Your answer must consist of exactly the lines below, starting with the line with "Konica II型 シンプルで良質なレンズシャッターカメラ – 御部スクラ ..." and going on through the line with "6mm Round Beads - Matte Gray - 50 beads", and nothing else.

## Data section
━━━━━━━━━━━━━━━━━━━━━━━━━━━━━━

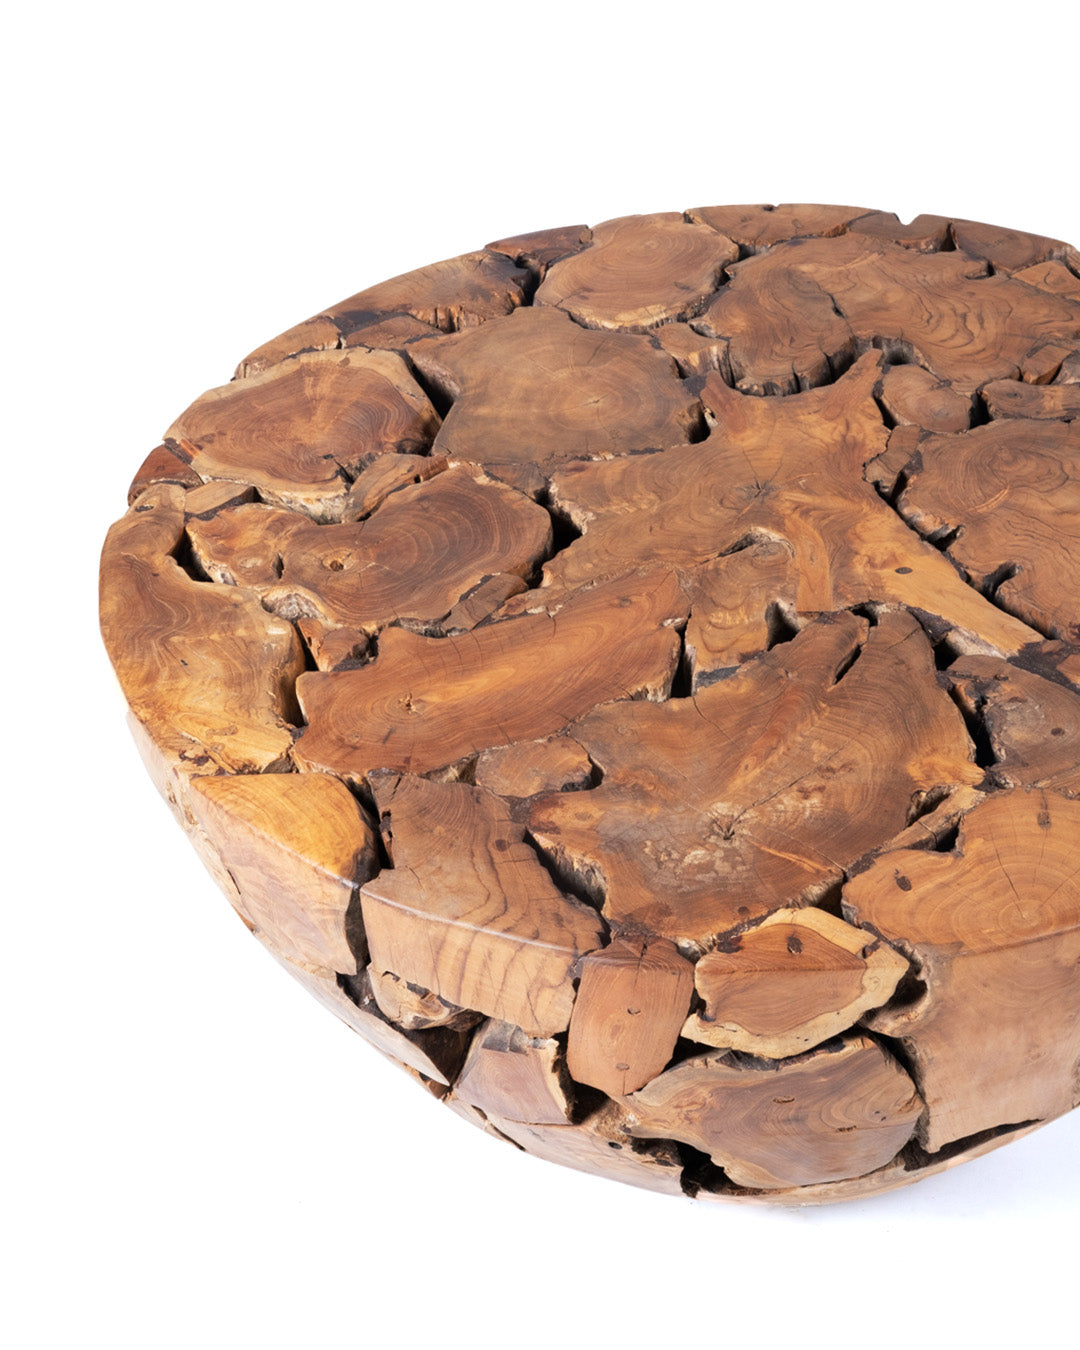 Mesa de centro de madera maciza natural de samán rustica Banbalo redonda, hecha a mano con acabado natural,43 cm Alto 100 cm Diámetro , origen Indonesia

━━━━━━━━━━━━━━━━━━━━━━━━━━━━━━

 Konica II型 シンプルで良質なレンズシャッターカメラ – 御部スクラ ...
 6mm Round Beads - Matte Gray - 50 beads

━━━━━━━━━━━━━━━━━━━━━━━━━━━━━━

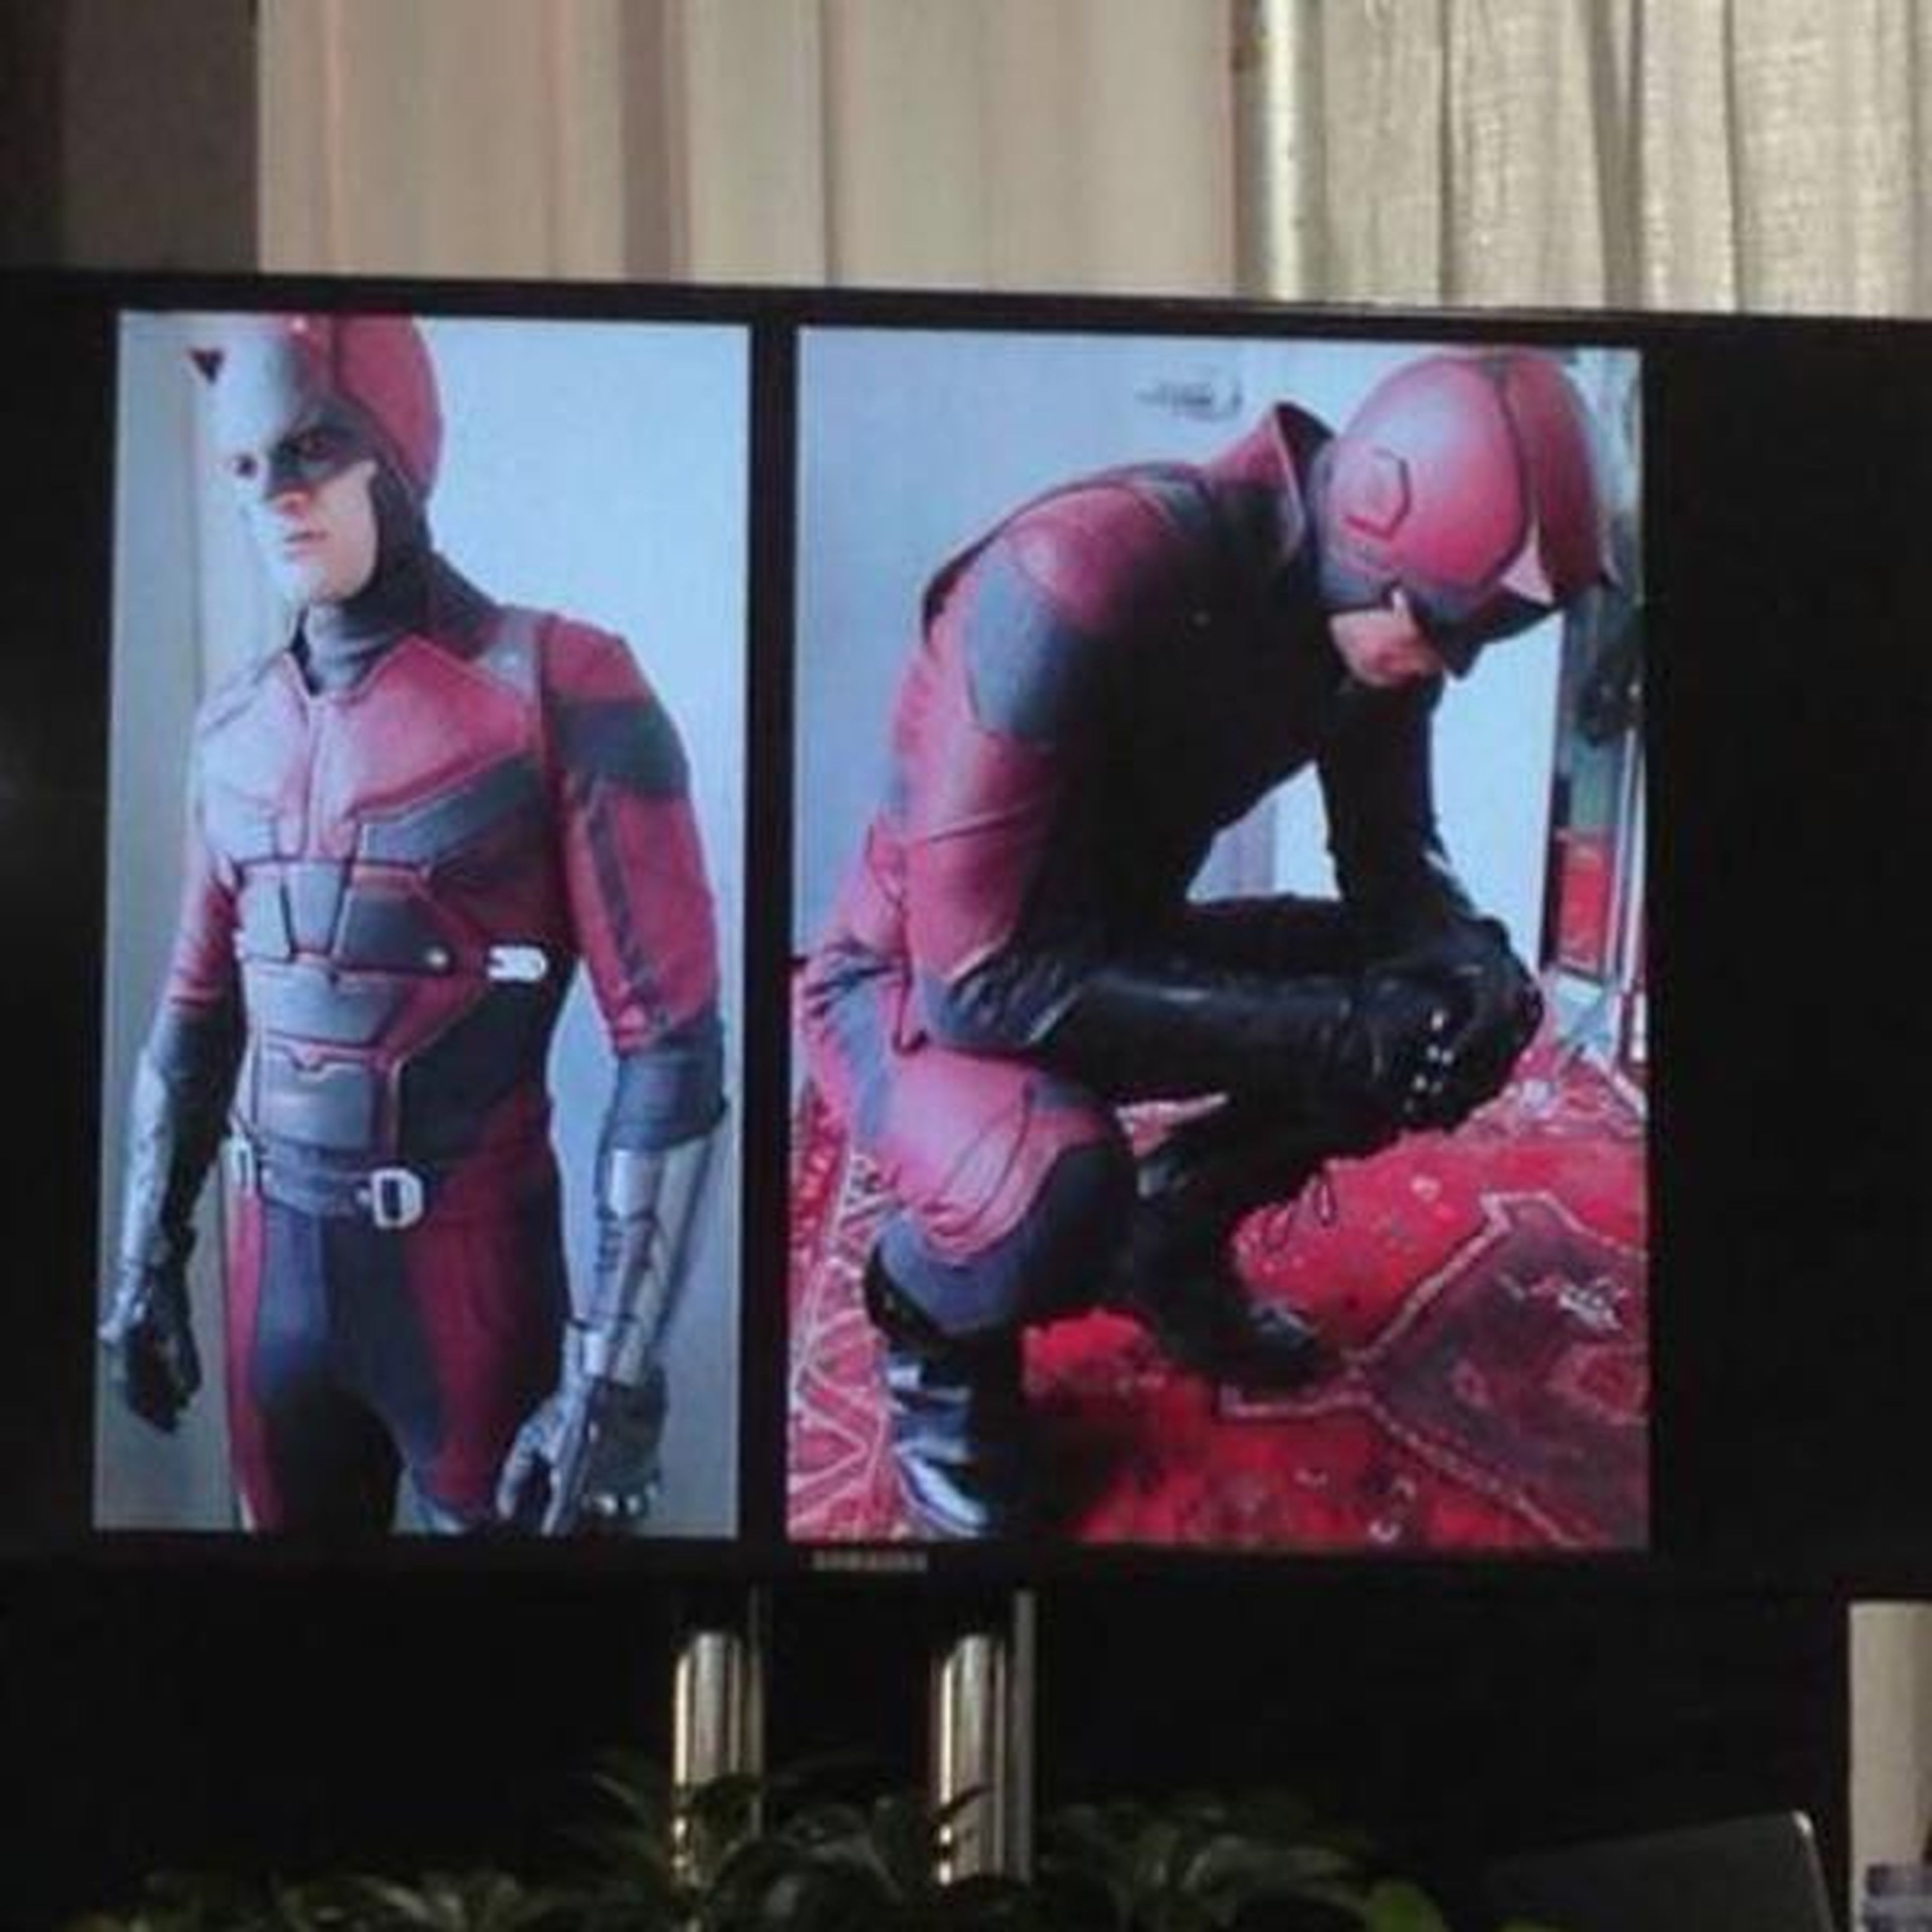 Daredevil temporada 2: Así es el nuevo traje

━━━━━━━━━━━━━━━━━━━━━━━━━━━━━━

## Solution to this problem
 Konica II型 シンプルで良質なレンズシャッターカメラ – 御部スクラ ...
 6mm Round Beads - Matte Gray - 50 beads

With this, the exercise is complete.